I am seeing the below error in dmesg: [ 3657.844533] ata1.00: exception Emask 0x0 SAct 0x8000000 SErr 0x50000 action 0x6 frozen [ 3657.844543] ata1: SError: { PHYRdyChg CommWake } [ 3657.844549] ata1.00: failed command: READ FPDMA QUEUED [ 3657.844559] ata1.00: cmd 60/20:d8:98:84:52/00:00:0c:00:00/40 tag 27 ncq 16384 in res 40/00:00:00:00:00/00:00:00:00:00/00 Emask 0x4 (timeout) [ 3657.844564] ata1.00: status: { DRDY } [ 3657.844570] ata1: hard resetting link [ 3658.149326] ata1: SATA link up 6.0 Gbps (SStatus 133 SControl 300) [ 3658.149803] ata1.00: ACPI cmd ef/10:03:00:00:00:a0 (SET FEATURES) filtered out [ 3658.149840] ata1.00: supports DRM functions and may not be fully accessible [ 3658.158491] ata1.00: ACPI cmd ef/10:03:00:00:00:a0 (SET FEATURES) filtered out [ 3658.158528] ata1.00: supports DRM functions and may not be fully accessible [ 3658.166701] ata1.00: configured for UDMA/133 [ 3658.177338] ata1.00: device reported invalid CHS sector 0 [ 3658.177381] ata1: EH complete Machine Details: [ 0.000000] DMI: Apple Inc.
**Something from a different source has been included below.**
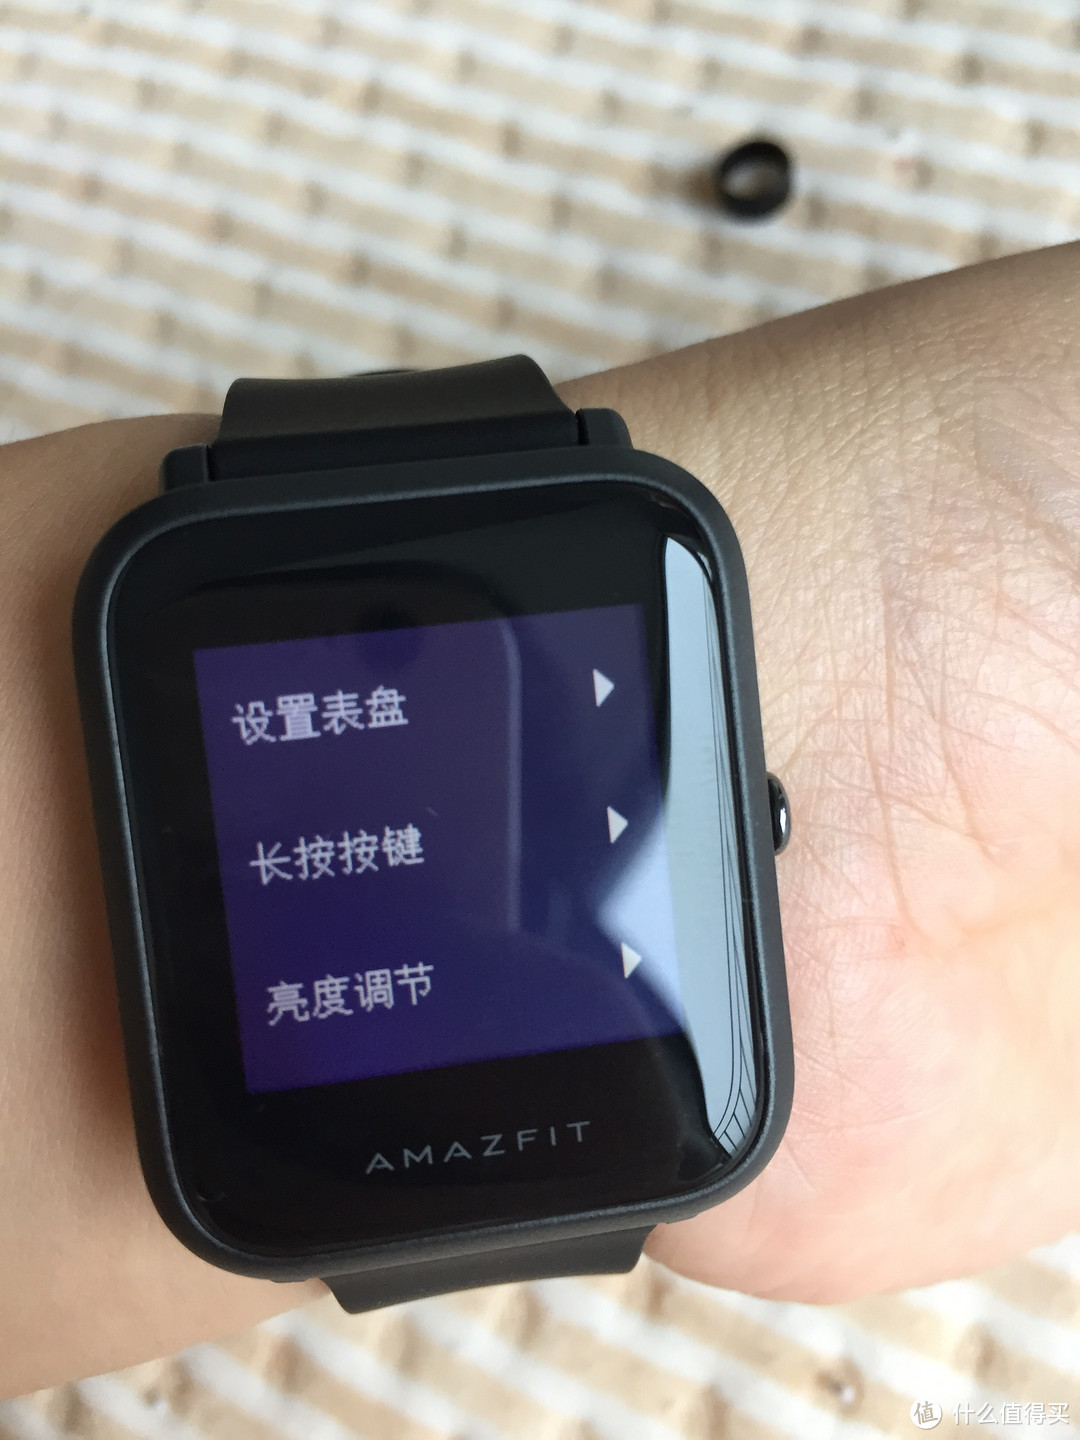 这就是我要的智能手表 — Amazfit 华米 米动手表青春版X石黑开箱晒物测评

MacBookPro8,1/Mac-94245B3640C91C81, BIOS MBP81.88Z.0047.B27.1201241646 01/24/12 OS: Fedora 21 SSD: Crucial_CT512MX100 [root@localhost ~]# smartctl -H /dev/sda smartctl 6.2 2014-07-16 r3952 [x86_64-linux-3.17.4-300.fc21.x86_64] (local build) Copyright (C) 2002-13, Bruce Allen, Christian Franke, www.smartmontools.org === START OF READ SMART DATA SECTION === SMART overall-health self-assessment test result: PASSED
Created attachment 159761 [details] dmesg
Created attachment 159771 [details] lspci -nn
[ 3657.844533] ata1.00: exception Emask 0x0 SAct 0x8000000 SErr 0x50000 action 0x6 frozen [ 3657.844543] ata1: SError: { PHYRdyChg CommWake } That is the device disconnecting and reconnecting by the look of things. Check if there is newer firmware available for your drive,but failing that you may need to see whether running with NCQ or with trim disabled helps.
(In reply to Alan from comment #3) > [ 3657.844533] ata1.00: exception Emask 0x0 SAct 0x8000000 SErr 0x50000 > action 0x6 frozen > [ 3657.844543] ata1: SError: { PHYRdyChg CommWake } > > That is the device disconnecting and reconnecting by the look of things. > Check if there is newer firmware available for your drive,but failing that > you may need to see whether running with NCQ or with trim disabled helps. I havn't been able to get newer firmware from Manufacturer. Some folks facing similar issue on same ssd model at https://github.com/linrunner/TLP/issues/84 are suggesting it's ALPM issue, and chaging link_power_management_policy to medium or max helps. I am testing with echo max_performance > /sys/class/scsi_host/host0/link_power_management_policy to see if it fixes the issue. NCQ and TRIM are both enabled. I am reluctant to disable NCQ since It might significantly lower performance. I will try to reproduce with TRIM or NCQ disabled if issue occurs again in max_power.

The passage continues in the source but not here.